*** Opening EXERCISE DATA ***
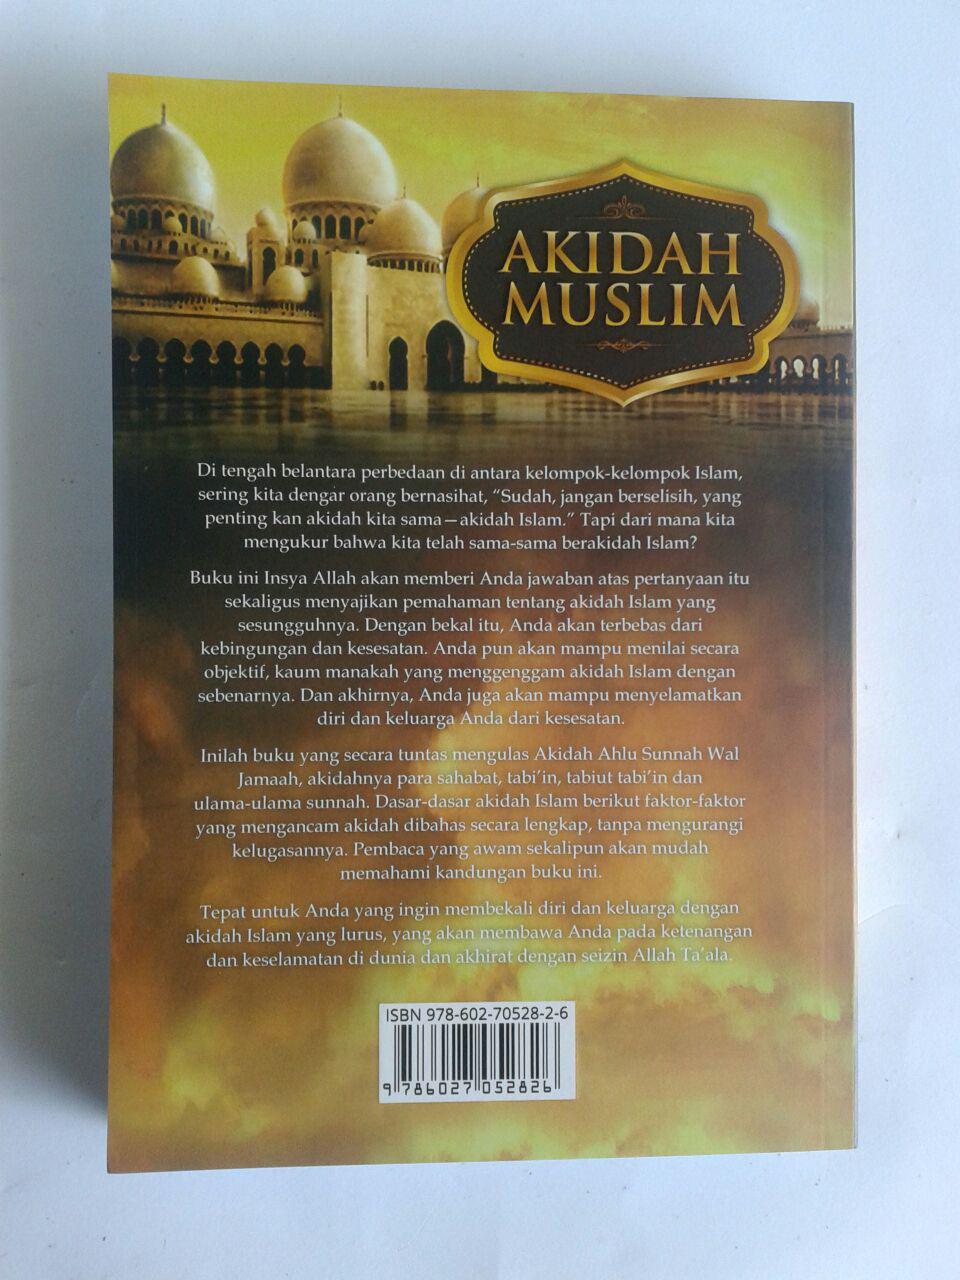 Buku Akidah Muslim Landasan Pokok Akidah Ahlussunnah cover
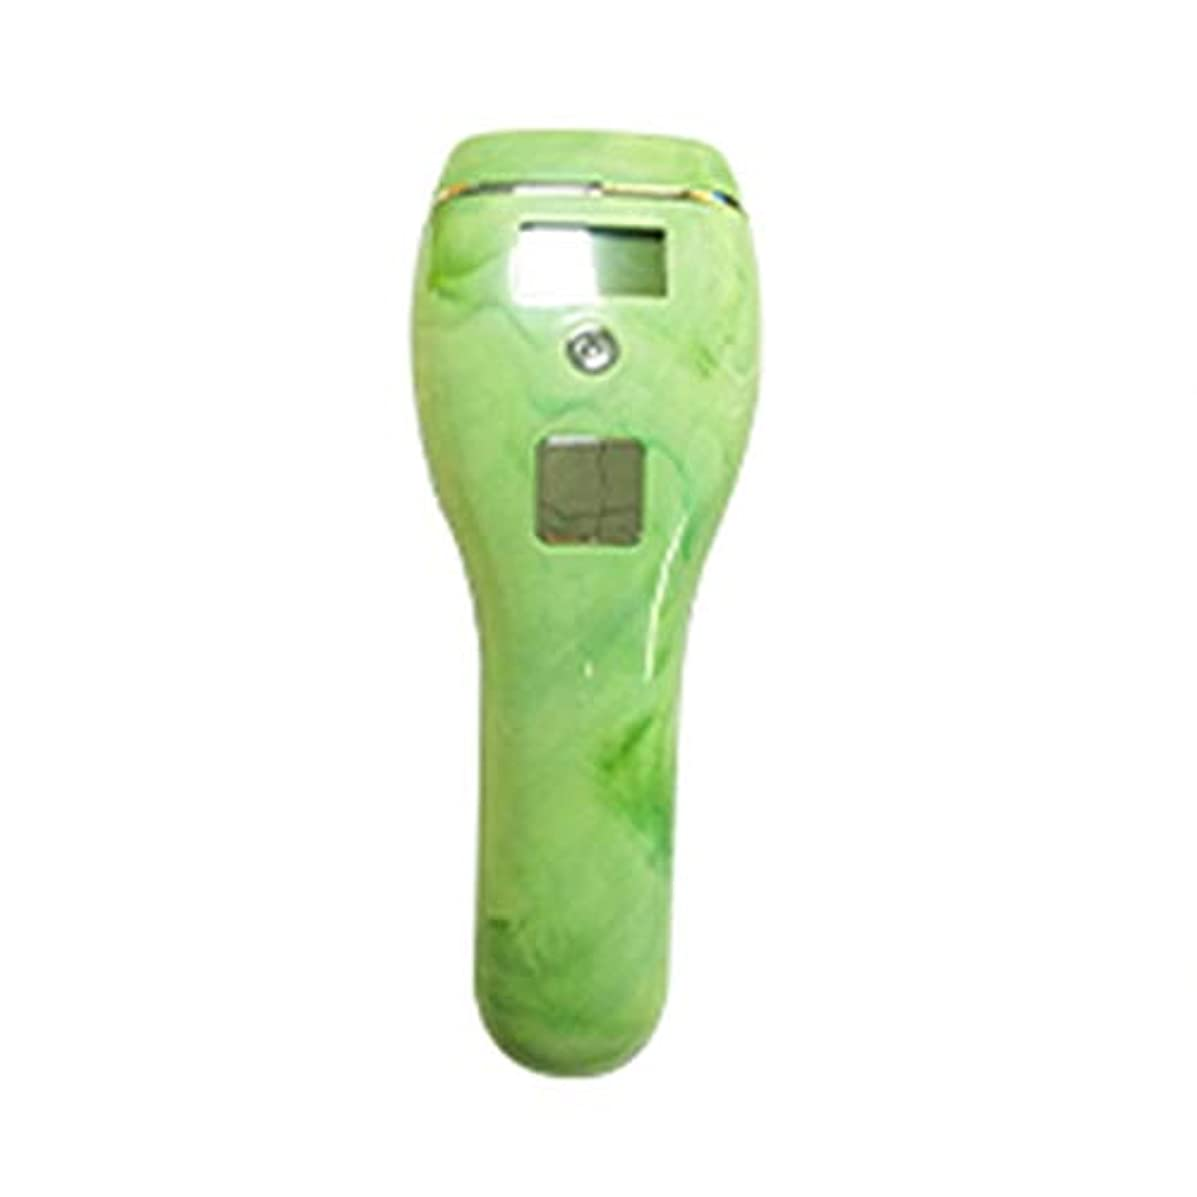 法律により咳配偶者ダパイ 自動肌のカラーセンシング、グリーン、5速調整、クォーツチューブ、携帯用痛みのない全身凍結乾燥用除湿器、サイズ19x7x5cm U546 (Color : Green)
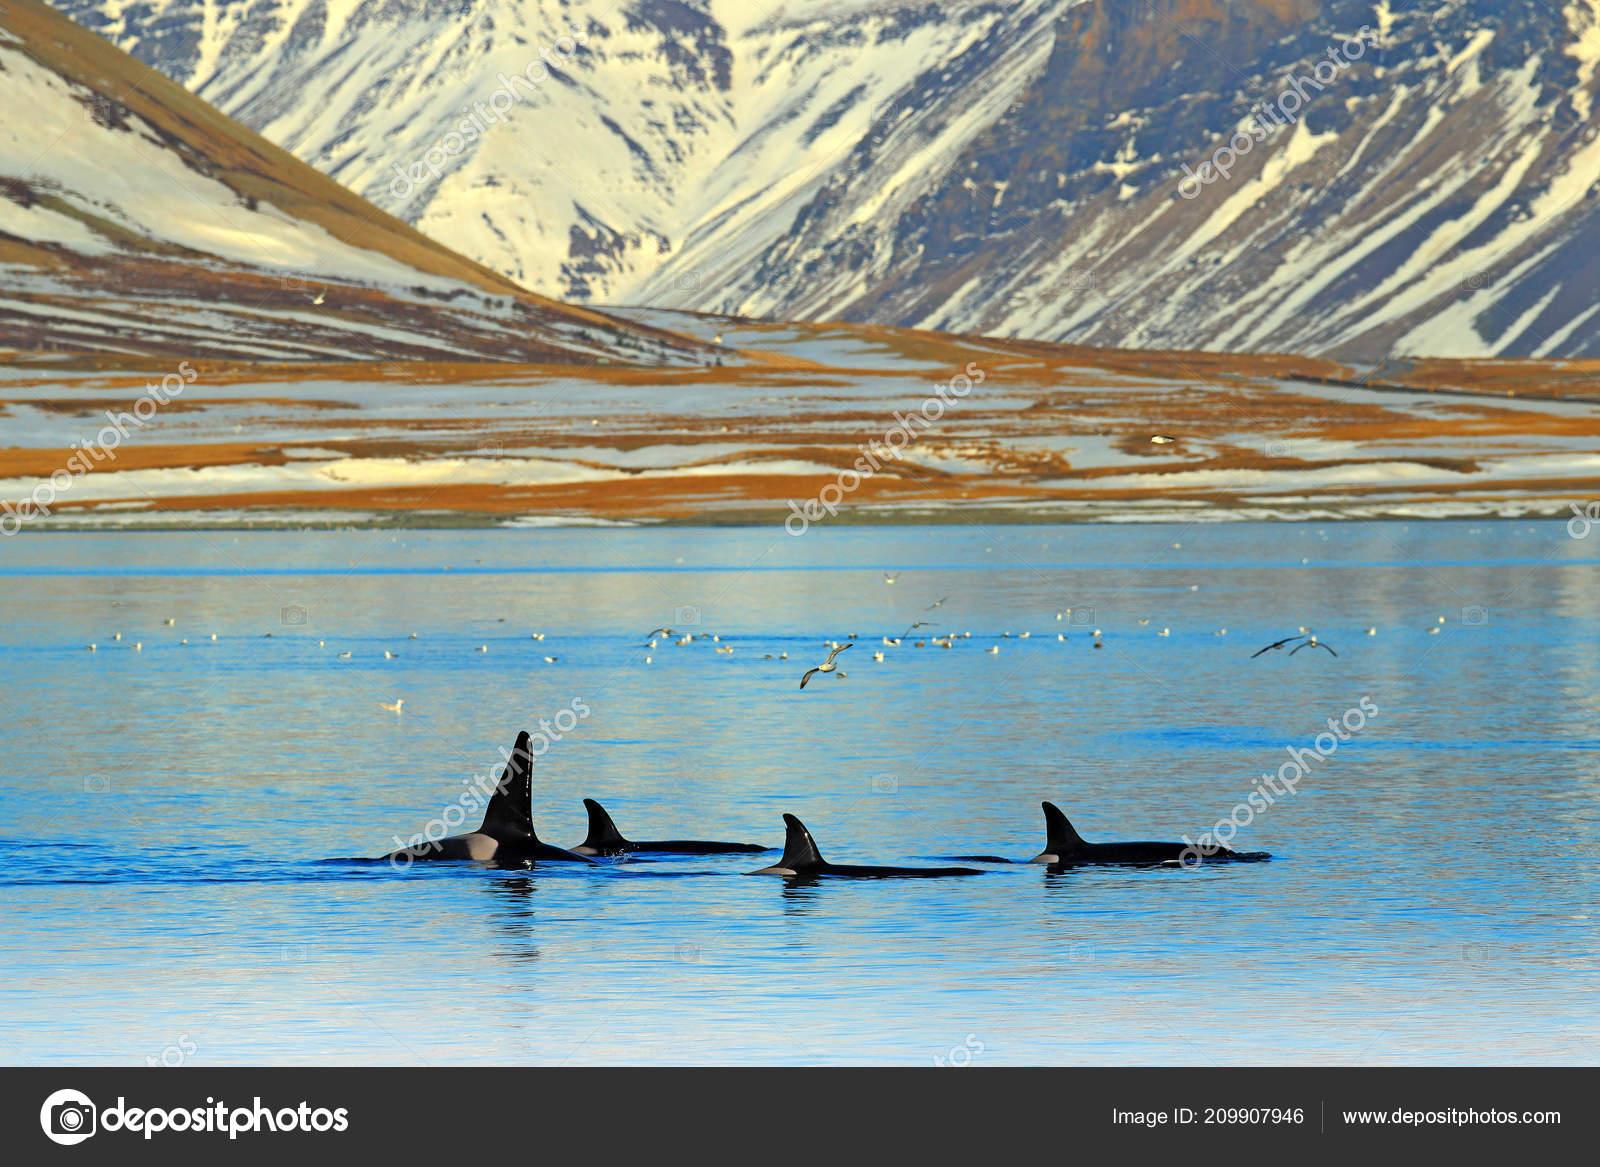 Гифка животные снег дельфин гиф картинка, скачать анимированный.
*** Closing EXERCISE DATA ***
Transcribe the full listing above exactly, with the images removed.

 Buku Akidah Muslim Landasan Pokok Akidah Ahlussunnah cover
 法律により咳配偶者ダパイ 自動肌のカラーセンシング、グリーン、5速調整、クォーツチューブ、携帯用痛みのない全身凍結乾燥用除湿器、サイズ19x7x5cm U546 (Color : Green)
 Гифка животные снег дельфин гиф картинка, скачать анимированный.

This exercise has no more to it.